It wasn't enough to have a Hulu for television. We needed a Hulu for magazines. And now, a Hulu for music videos. It's called Vevo and it works the same way the other Hulu cousins work. Big time media companies -- Sony, Universal, EMI Music -- join hands to offer a "premium" ad-driven site that lets you create a playlist of high-quality music videos. So it's like Grooveshark, but with music videos, and all licensed music.
The site just launched, and some pages seem a little thin in content, but I think the idea is right on. In fact, I may or may not be streaming "Bad Romance" on the site while writing this right now. (Don't judge me.)
A few months ago, I wondered why Google wasn't making YouTube more like iTunes. In other words, why didn't YouTube make it easier to create playlists from its free high-quality videos? (As it turned out, YouTube does let users make playlists.
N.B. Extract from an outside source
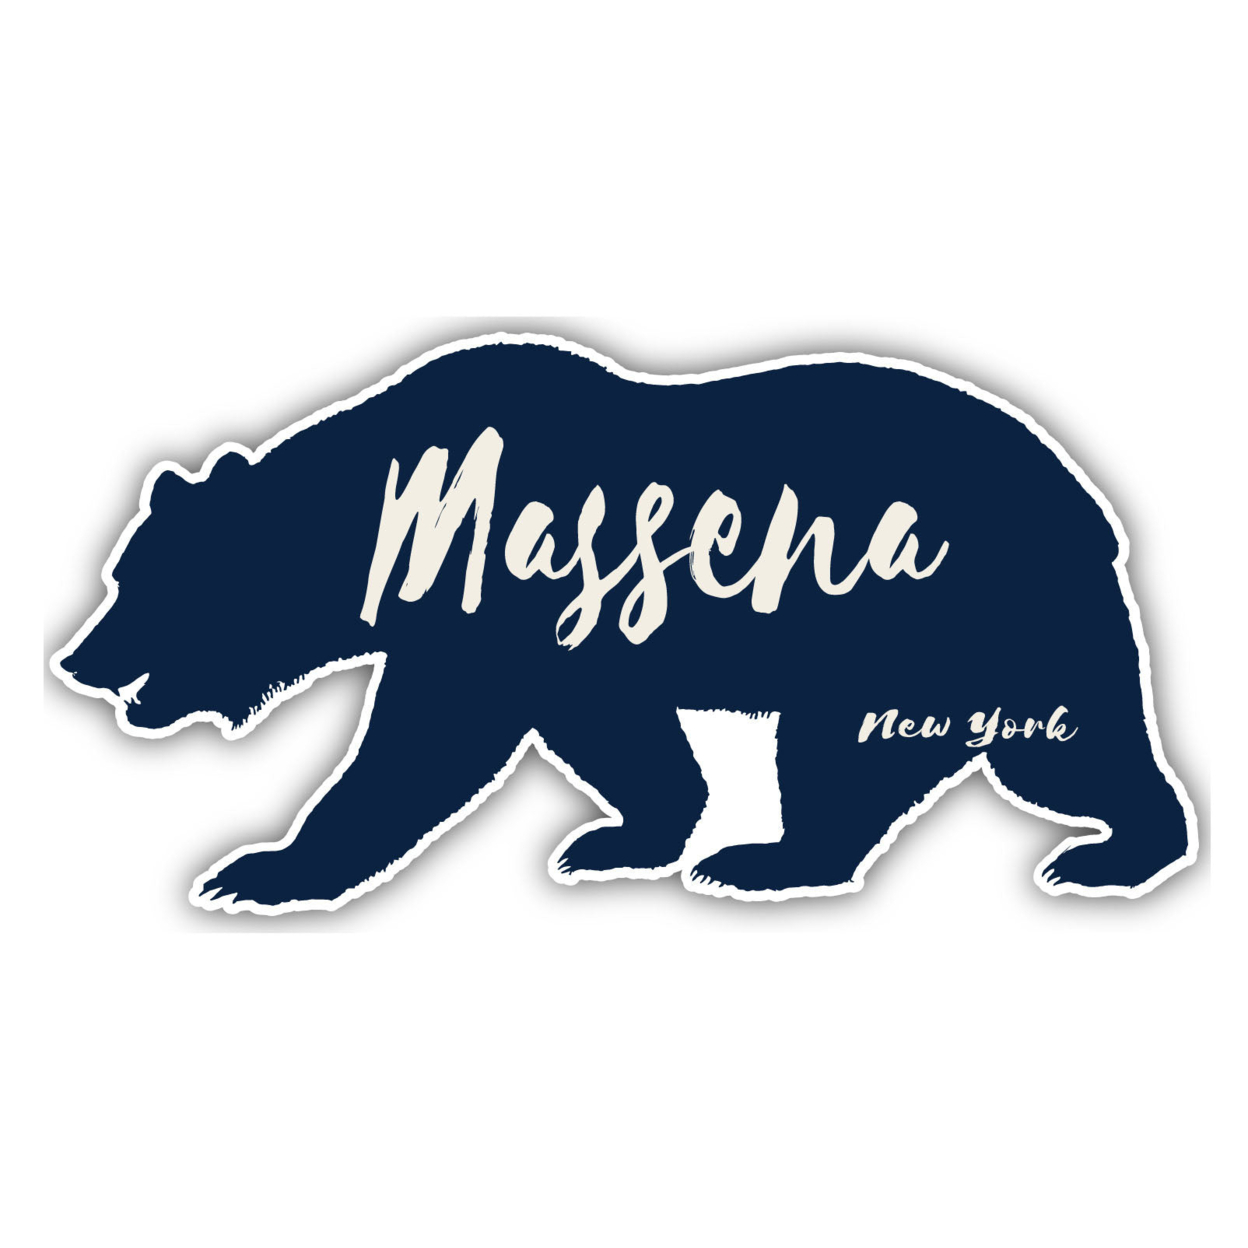 Massena New York Souvenir Decorative Stickers (Choose Theme And Size) - 4-Inch, Bear

It's just that most users go to YouTube to snack rather than prepare a 10-course meal of 3 minute vids.) But Vevo, which is powered by YouTube, is essentially just that. It's a good-looking, ad-supported site that makes a stab at soaking revenue from music videos, which are all too easily pirated and strewn across the Web.
We're seeing a trend. The wild west of the Internet threatens to turn paid content like television, magazine articles and music into commodities that we consumers consider inherently free. But they're not free to make. So big name publishers -- the NBCs and News Corps of TV; the Time, Incs and Condes of magazines; the Sonys and Universals of music -- are slowly realizing that the best way to reclaim their product, and their revenue stream, is to build an online hub of similar and searchable content that provides such a superior user experience that consumers are willing to wait through the ads, or even pay a small sum of money for the privilege.
For Hulu (now I mean the actual Hulu) the model seems to be working. TV watchers prefer to sit through short ads for a higher-quality experience. But magazine articles and music are different. For example, you can't watch a hi-def episode of The Office on YouTube. But you can read analysis of the president's job speech pretty much anywhere, and I can listen to "Bad Romance" on a lot of free sites. (And I do. Sigh.) Not all content wants a wall built around it, but I'm happy to see that publishers are getting their hands dirty and starting the build something.